Target, the second-largest U.S. discount chain, said Thursday that data for about 40 million debit and credit cards may have been wrongfully accessed from Nov. 27 to Dec. 15. Law enforcement, including the U.S. Secret Service, and the state attorneys general of New York and Massachusetts are investigating.

The breach occurred when a computer virus infected Target’s point-of-sale terminals, said a person who asked not to be identified because the investigation is private. Swiping cards had been considered safer than shopping online because the data is harder to steal, according to Dan Kaminsky, co-founder and chief scientist at White Ops, a cybersecurity firm in New York.

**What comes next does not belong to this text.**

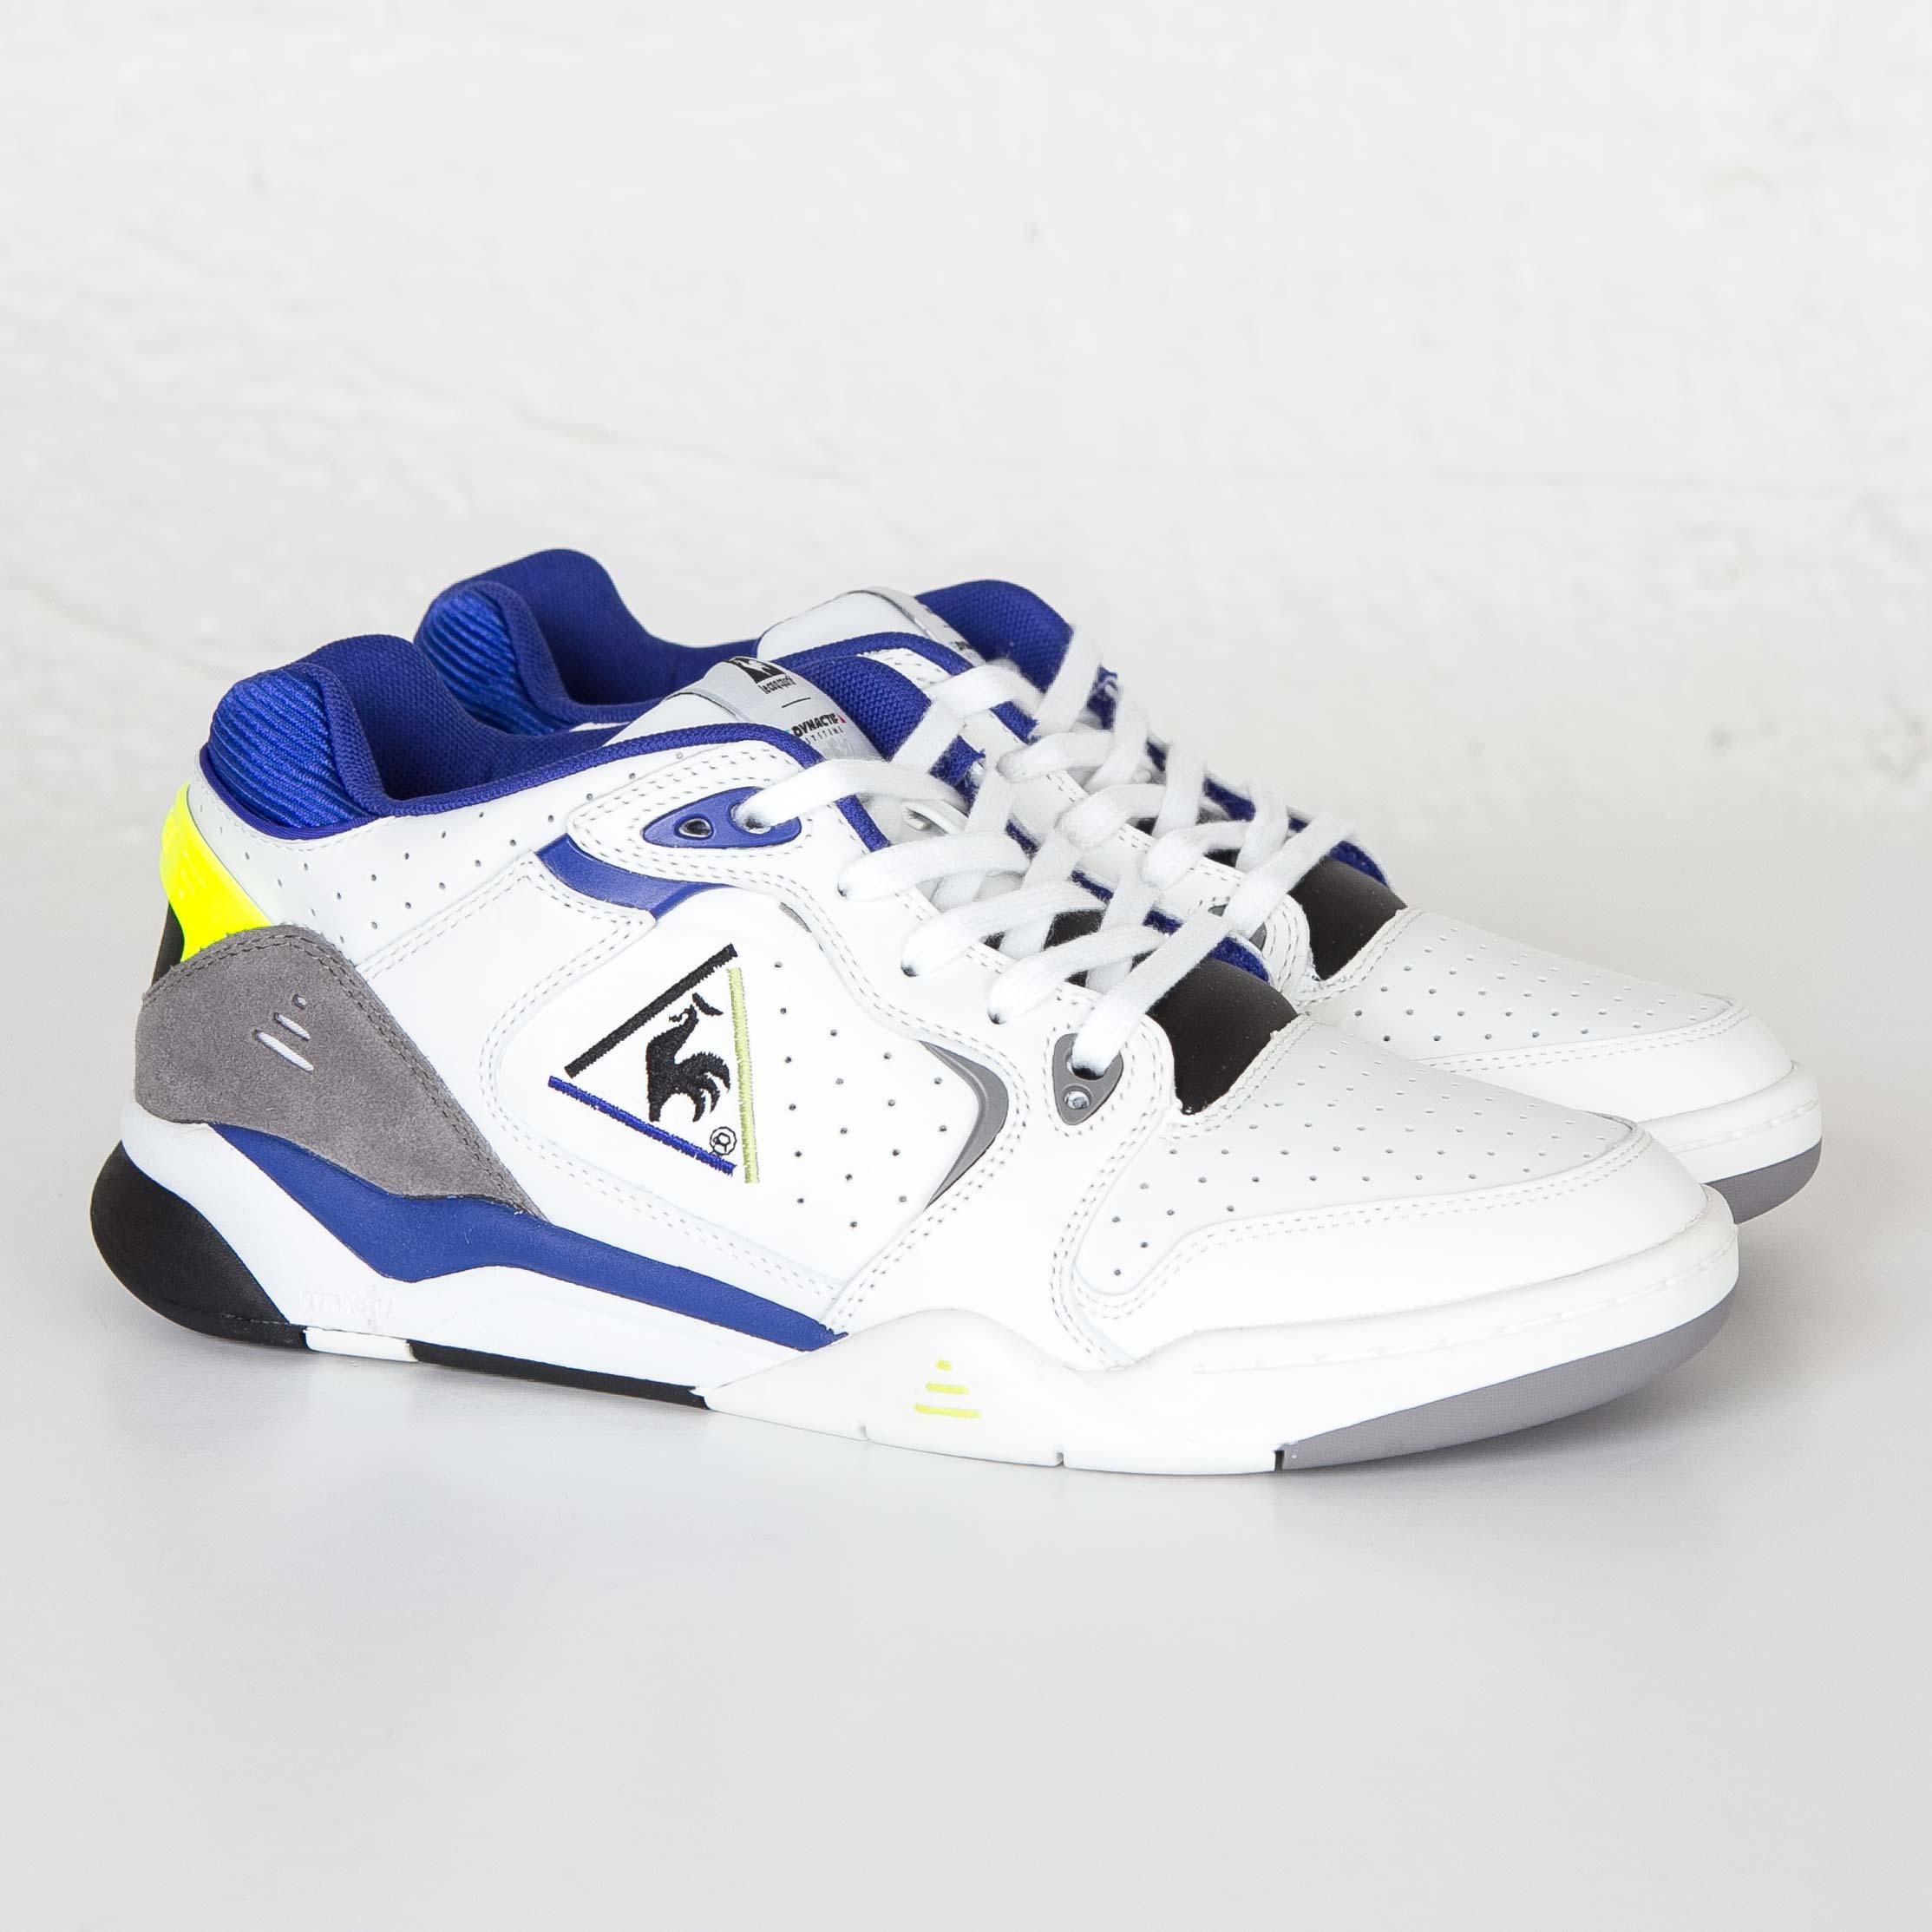 2556189e1baf Le Coq Sportif LCS T4000 OG - 1610694 - Sneakersnstuff

“Attacks of this scale are common, but attacks that get this class of data are unusual,” Kaminsky said. “It’s a war out there.”

The retailer was sued Friday in federal court in San Francisco by a Christmas shopper claiming she may have been exposed to identity theft.

Target said it does not comment on litigation.

While swiping devices have been hacked in the past, the incidents typically occurred at a single machine or store, not chain-wide, which is why this breach is troubling, Kaminsky said. Target said account numbers, expiration dates, cardholder names and credit verification value, or CVV, had been compromised. That kind of data could be used to make counterfeit credit cards, Kaminsky said.